Arbuscular mycorrhizal colonization (AMC) was assessed using a modified acid fuchsin staining method (Giovannetti and Mosse, 1980). Root samples preserved in FAA solution (formalin-aceto-alcohol; 90:5:5:5 ratio by volume of 70% ethanol, glacial acetic acid, 37% formaldehyde, and glycerin) were cleared with 10% KOH at 90 ℃ for 50–210 min (depending on species), acidified in 2% HCl, and stained with 0.01% acid fuchsin lactoglycerol solution overnight. Fifty randomly selected 1-cm root segments per sample were examined using a Leica DM4B anatomical microscope at 200× magnification. AMC was quantified following McGonigle et al. (1990) and Liu et al. (2015), representing the proportion of root length inhabited by fungal structures (hyphae, arbuscules, or vesicles).

Extraradical hyphal length (EHL) was quantified using the membrane filtration technique (Rillig et al., 1999).
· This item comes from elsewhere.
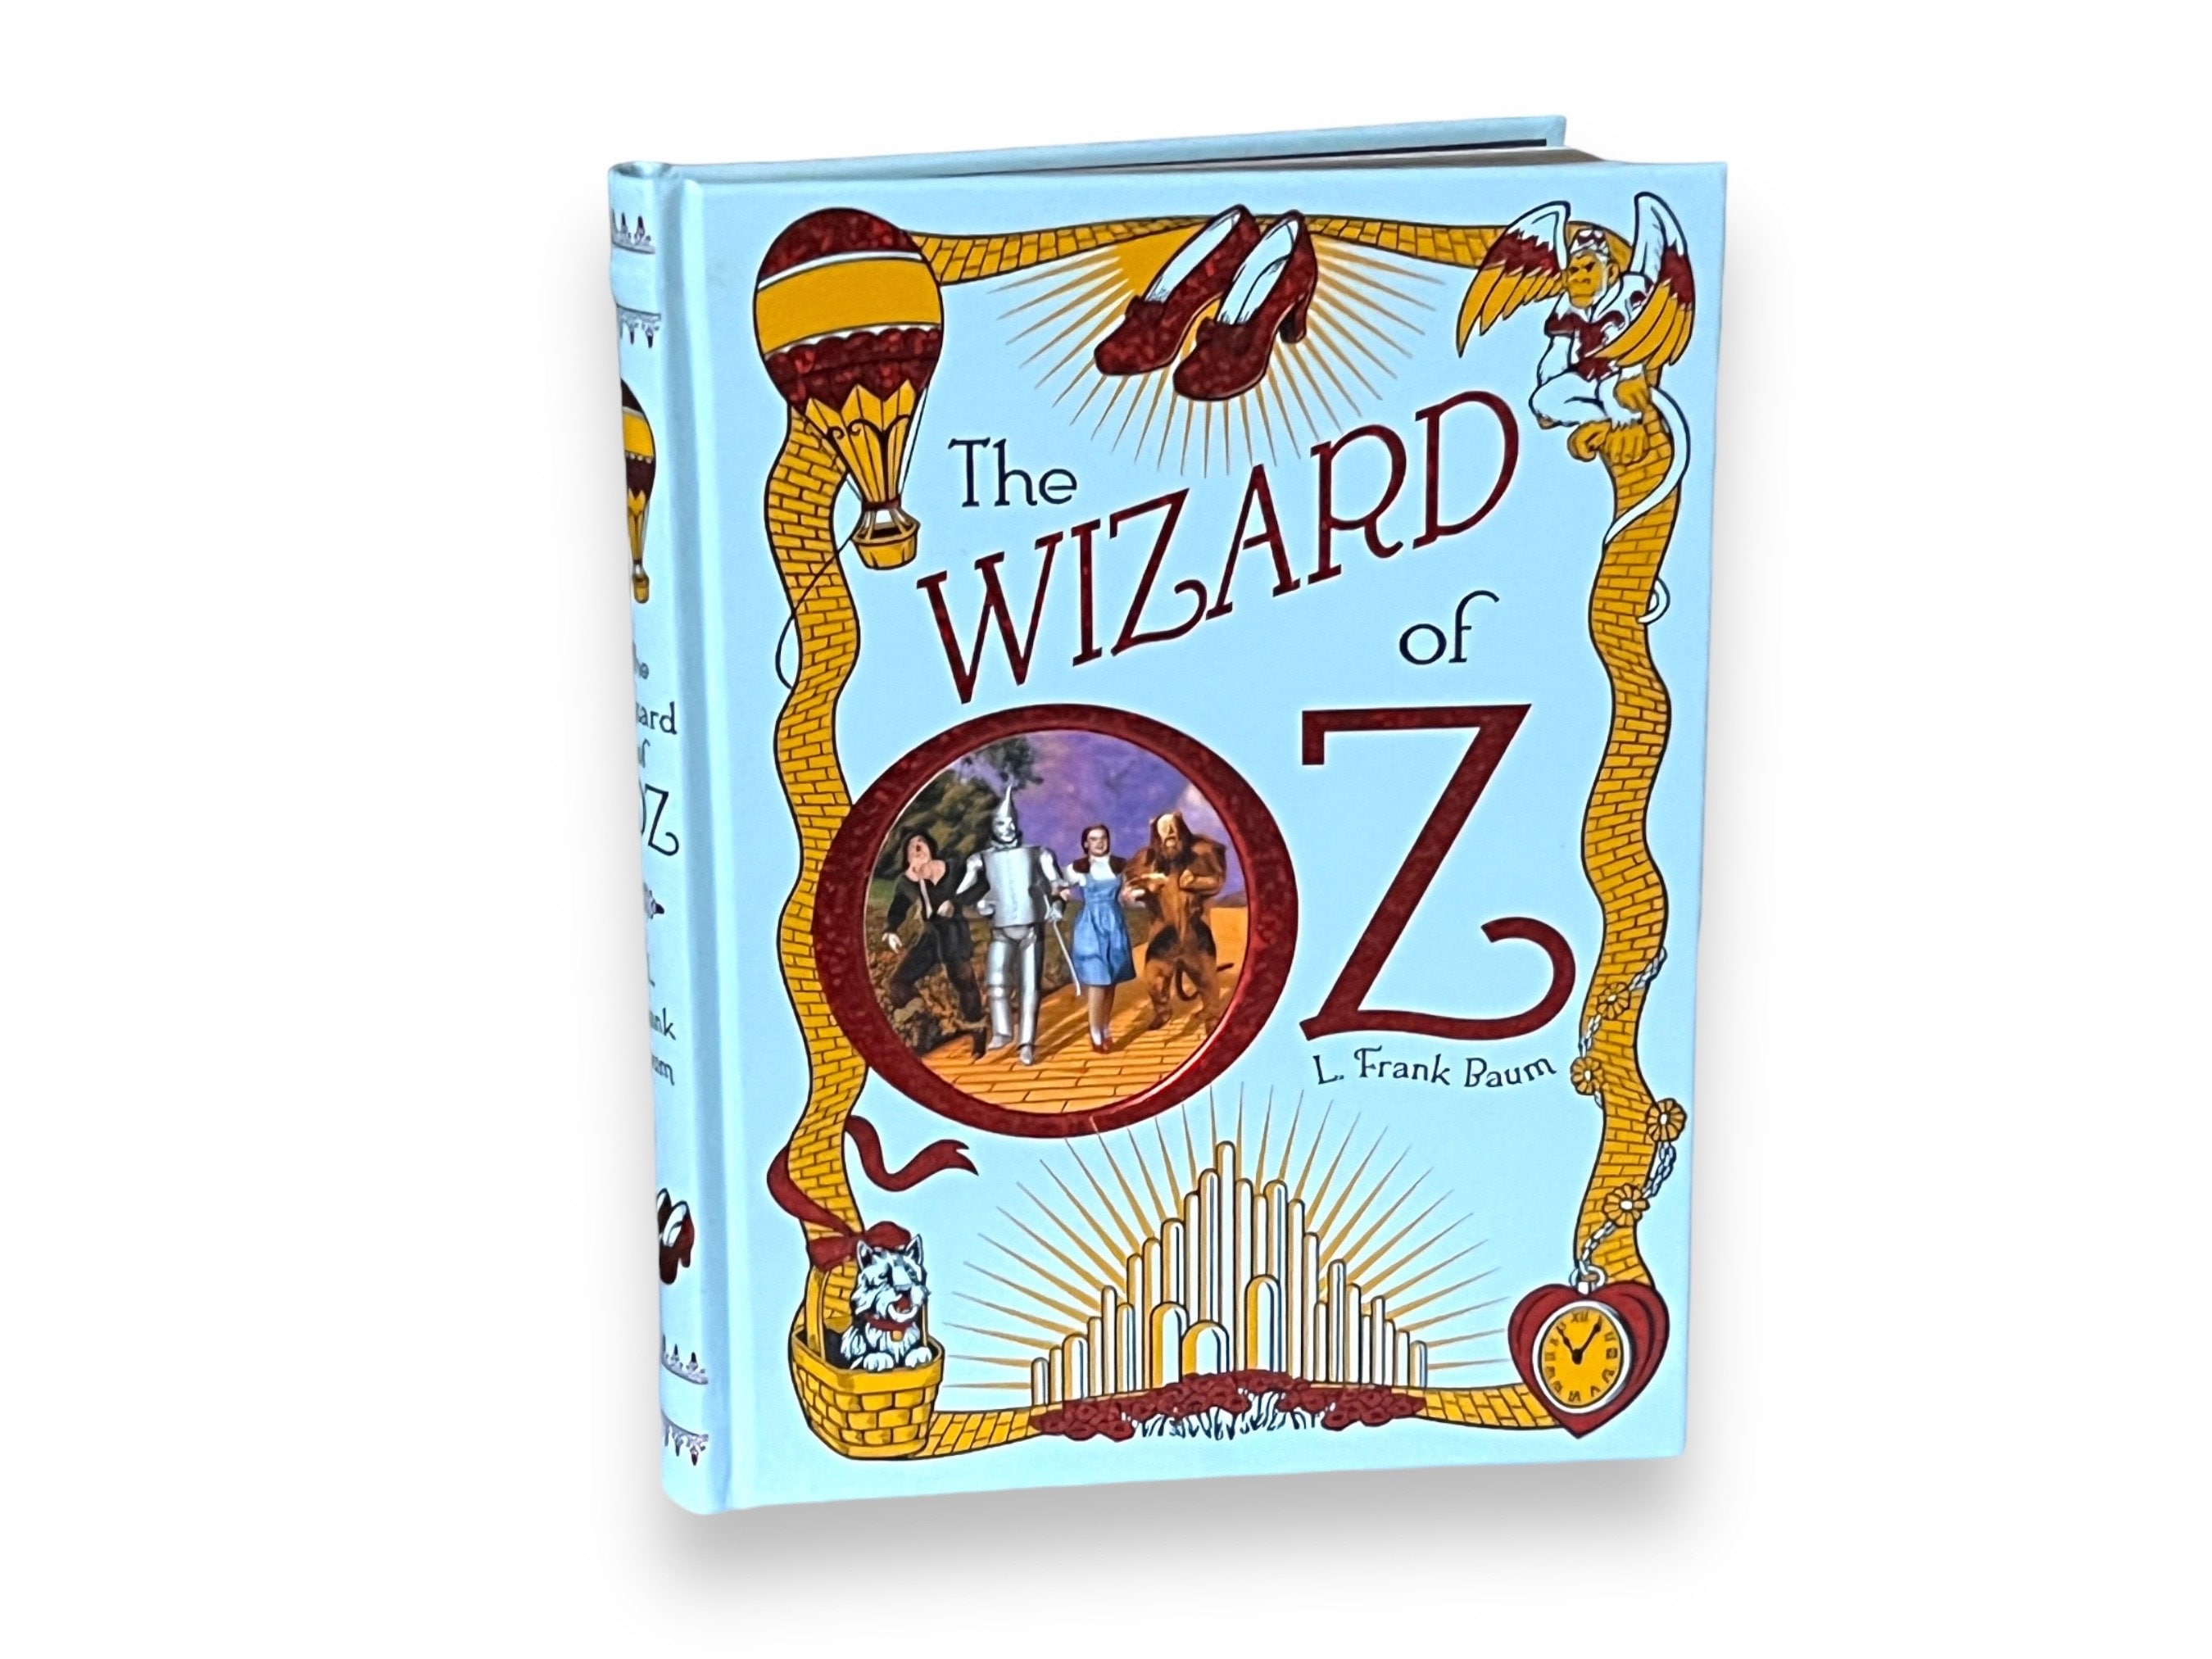 The WONDERFUL WIZARD of OZ Illustrated Hardcover Edition of L. Frank Baum's  Classic Novel and 1 Diamond Art Cover Project Inside the Box

Fresh soil samples (4.0 g) were suspended in 100 mL deionized water with 12 mL of sodium hexametaphosphate solution (35 g L⁻¹), stirred vigorously, and allowed to settle. The supernatant was filtered through a 38-μm sieve, and the residue was resuspended and filtered onto 1.2 μm microporous membranes. Membranes were stained with 1% acid fuchsin and examined under a microscope (ICC50W, Leica) at 200× magnification. AM hyphae were distinguished from non-AM hyphae by their morphology and staining color (Miller et al., 1995): AM hyphae lack septa or have few irregular septa and are lightly colored (easily stained), whereas non-AM hyphae possess regular septa and are darkly colored (hardly stained). Extraradical hyphal density (EHD) was calculated as the EHL per unit length of absorptive roots within each root bag (m hyphae m⁻¹ root).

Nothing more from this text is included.